Figure 4. Estimation of sugar accumulation times in single berries. (a) R 2 distribution of sigmoid fits for sugar evolution curves for each berry monitored (125 in total). (b) R 2 distribution per variety. ‘n’ corresponds to the number of berries per variety. (c) An example of an estimate of the evolution of sugars in a berry of the Ugni blanc variety (dots) and its fitted sigmoid (red curve). The green dotted vertical line corresponds to T0 (= 0.2 M) and the purple line corresponds to T1 (= 1M). These two variables were used to calculate the time difference. (d) Distribution of predicted sugar accumulation times between varieties. The bold numbers inside the boxes indicate the median time difference for each genotype.
4. Discussion
This study provides the first insights into the non-destructive monitoring of the evolution of the main osmotica during the ripening of individual grapes. To the best of our knowledge, although NIRS monitoring was recently applied on detached berries in laboratory conditions (Ferrara et al., Reference Ferrara, Marcotuli, Didonna, Stellacci, Palasciano and Mazzeo2022; Cornehl et al., Reference Cornehl, Gauweiler, Zheng, Krause, Schwander, Töpfer, Gruna and Kicherer2024), no attempts were made to monitor in situ the progression of sugar concentration over time in single berries. Such monitoring allowed us to compare the duration of the active period of phloem unloading known as ripening, in cohorts of individual fruits from different grapevine genotypes.

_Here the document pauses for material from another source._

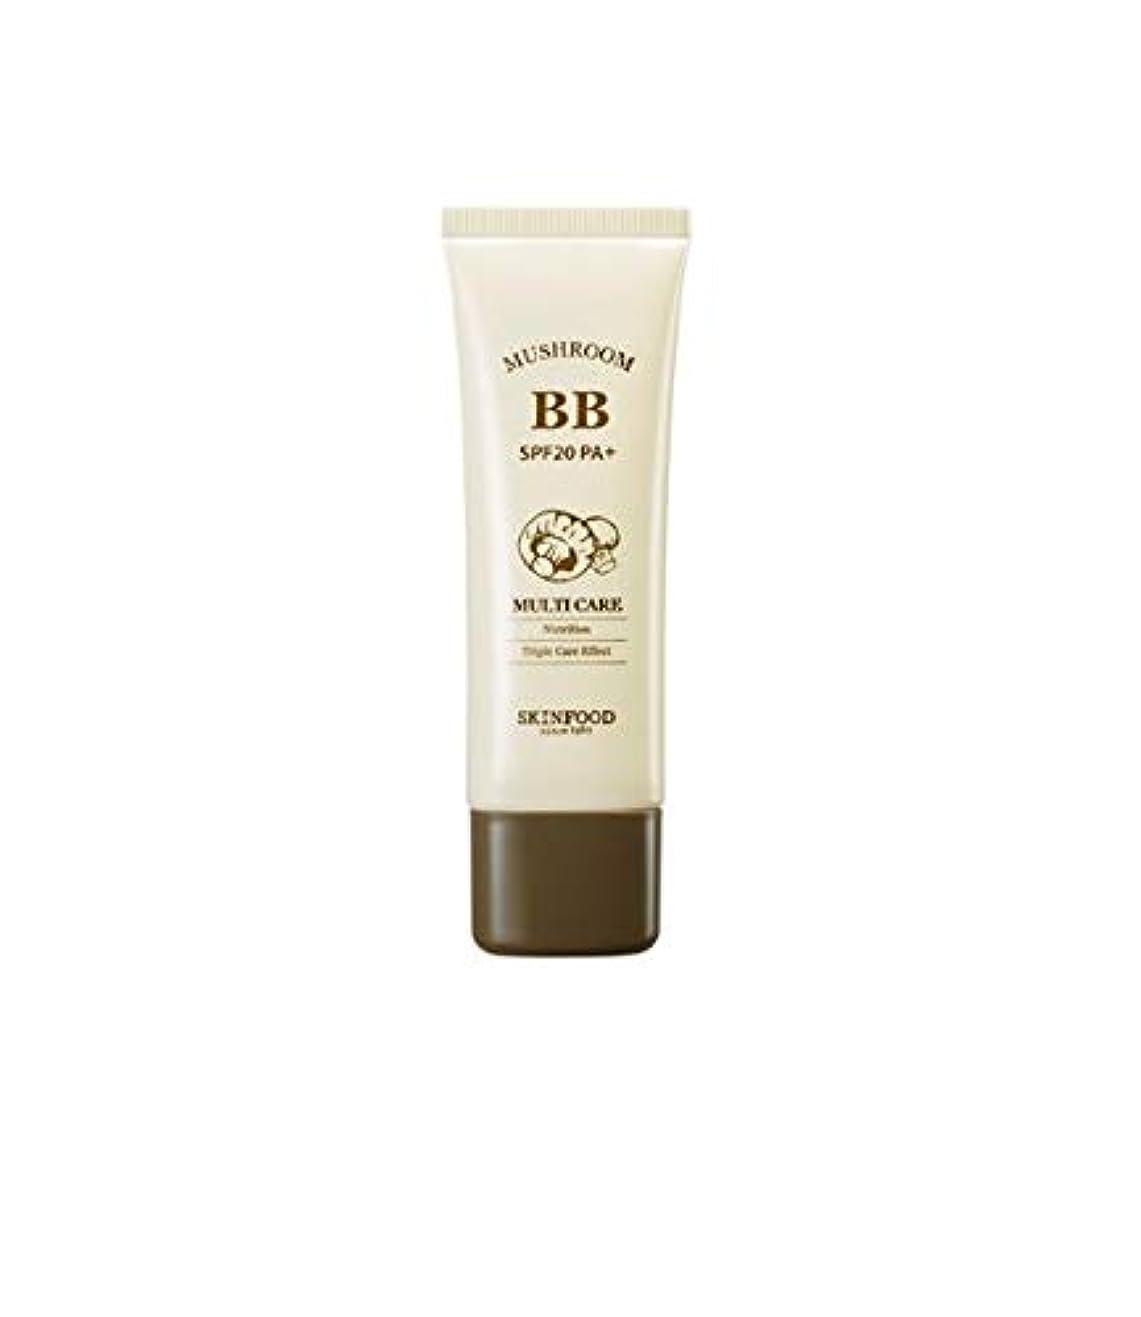 Skinfood マッシュルームマルチケアBBクリームSPF20 PA +#No. 1ブライトスキン / Mushroom Multi Care BB Cream SPF20 PA+# No. 1 Bright Skin 50g [並行輸入品]

In the current study, the accumulation of sugars and the consumption of malic acid during the ripening phase of individual berries were clearly observed across all grape varieties (Figure 4 and Supplementary Figure S3). However, present models developed on field data showed lower performance compared to those based on laboratory data (Cornehl et al., Reference Cornehl, Gauweiler, Zheng, Krause, Schwander, Töpfer, Gruna and Kicherer2024), as evidenced by lower R 2 values and higher RMSEs for glucose, fructose, malic, and tartaric acids. For example, the RMSE for glucose and fructose was 19 g/L and 22 g/L (R 2 = 0.82 and 0.76), compared to ca. 9 g/L (R 2 = 0.92) in Cornehl et al. (Reference Cornehl, Gauweiler, Zheng, Krause, Schwander, Töpfer, Gruna and Kicherer2024). The RMSE for malic acid was 57 g/L (R 2 = 0.66) versus 3 g/L (R 2 = 0.84) in Cornehl et al. (Reference Cornehl, Gauweiler, Zheng, Krause, Schwander, Töpfer, Gruna and Kicherer2024). In line with these last authors, the impact of variety on the prediction models for glucose, fructose, and malic acid appeared negligible, alleviating the need to create a separate model for each variety (Supplementary Figure S2). Also, the fact that our model seemed to hold for both red and white varieties indicates that the NIRS prediction of the evolution of major osmotica across berry development was not deduced from their correlation with colour change.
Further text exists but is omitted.